As part of our exploration of deployment strategies, we invested two weeks in deploying microservices using AWS Elastic Container Service and Lambda. Through some trial and error, we were able to deploya fully functional SMD and BSS on ECS while Magellan and the network services continued to run locally. This strategy was beneficial for cycle time. We could iterate at different speeds on different parts of the stack. One person redeploying a microservice didn’t necessarily impact someone else’s work on a different one. It got even more interesting as we integrated AWS Cognito for authentication/authorization and introduced lambda functions for managing access to S3 buckets and for registering clusters. While two weeks wasn’t enough time for us to build a repeatable end-to-end demo, it was enough time to show us what’s possible with the cloud and get us thinking about what other options we might pursue in the future.

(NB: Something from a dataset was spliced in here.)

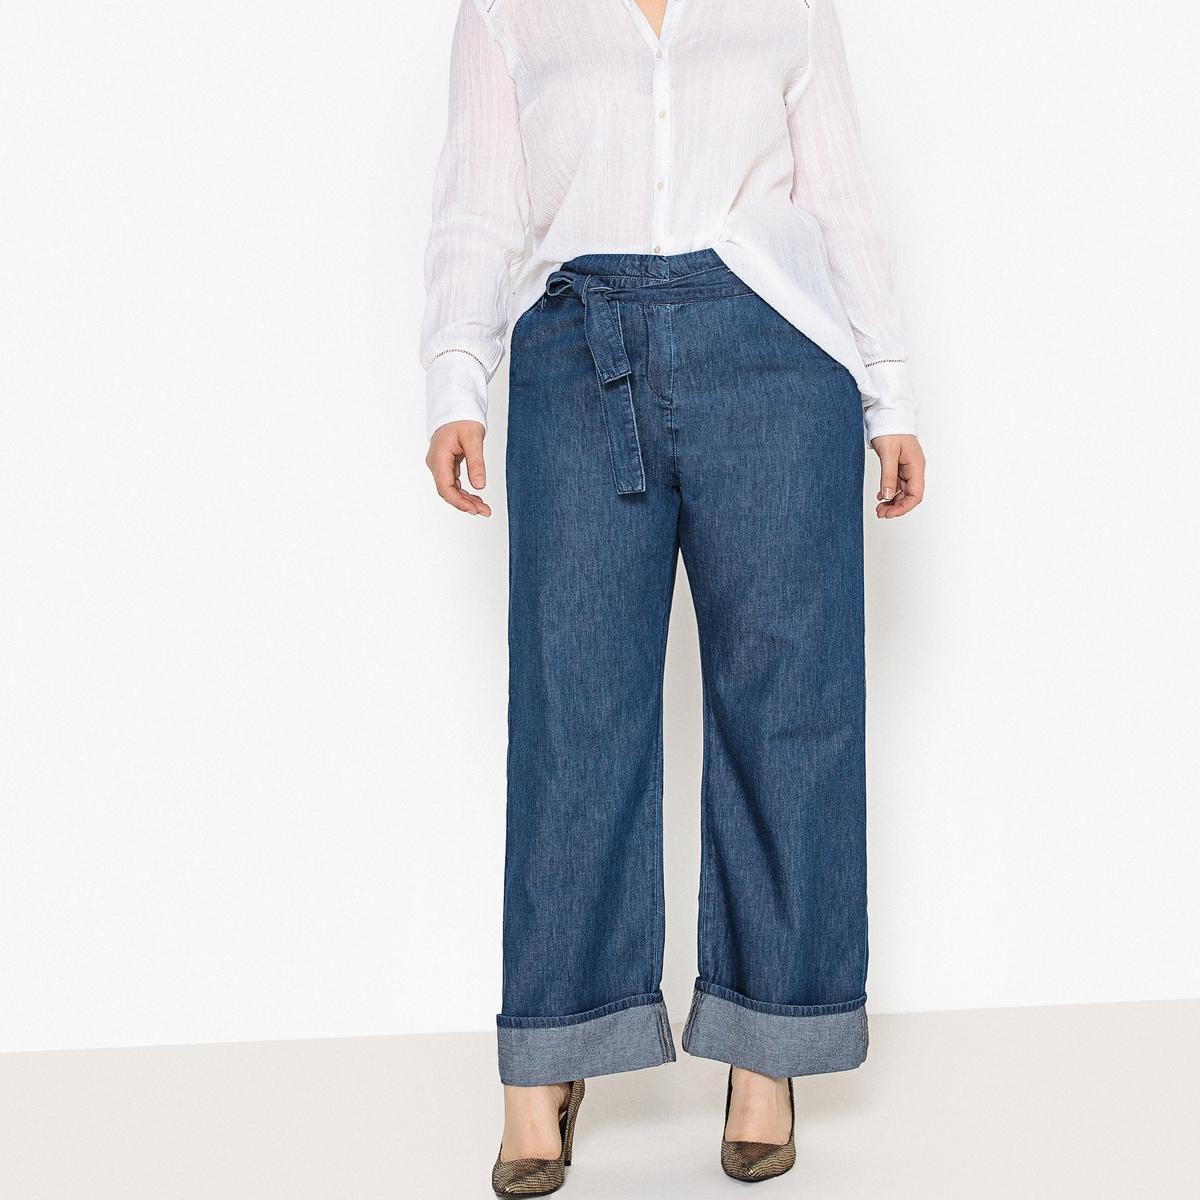 Jeans regular direitos, cintura subida
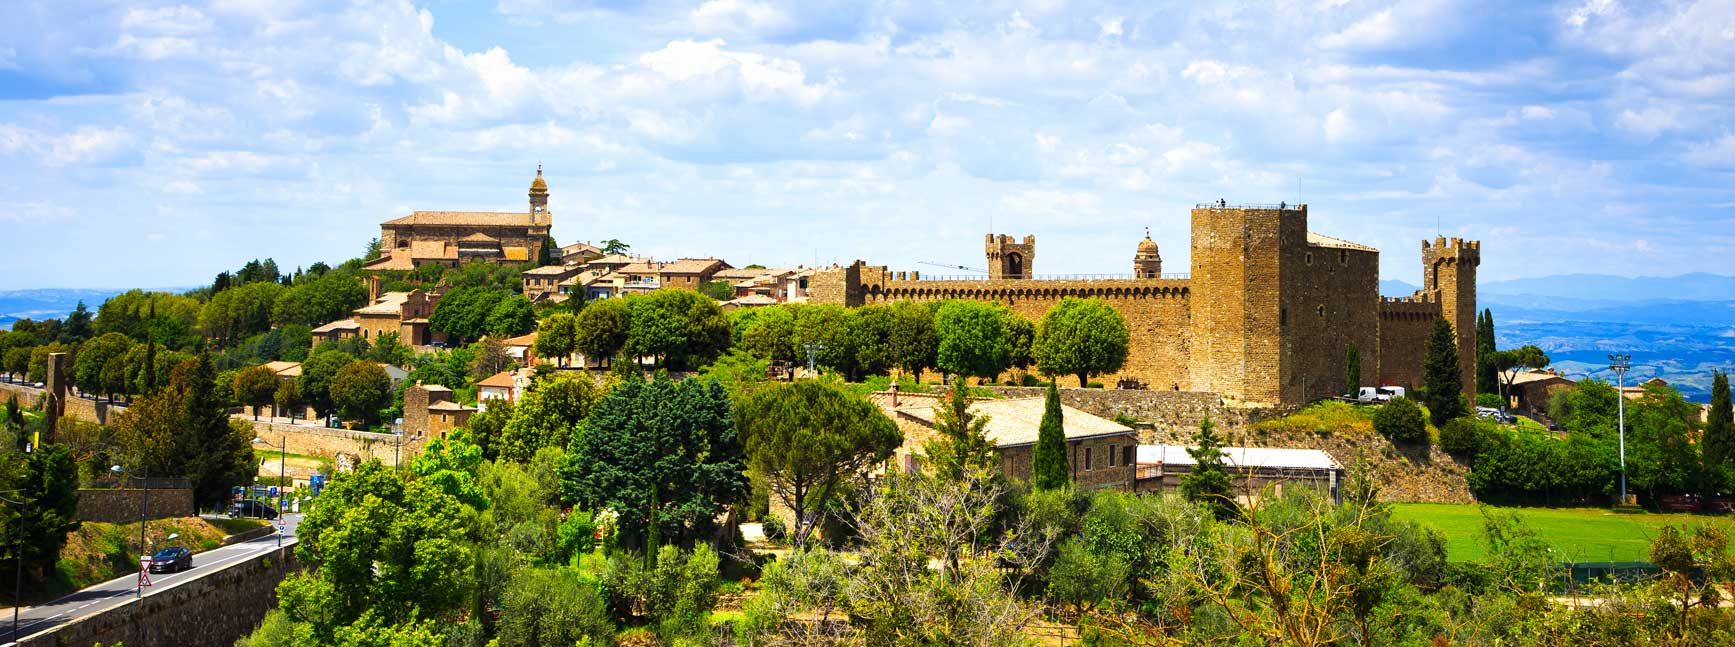 vista sul castello di Montalcini

The HPC landscape is rife with challenges and opportunities. Our exploration, spanning the vast repositories of HPE’s open-source release, to pioneering discovery with Magellan, and delving into versatile deployment strategies, has been illuminating. System management, often relegated to the background, stands out as a linchpin in HPC’s pursuit of efficiency. Our endeavors underscore the necessity for adaptive, resilient system management paradigms, which can drastically augment the uptime and efficiency of HPC setups.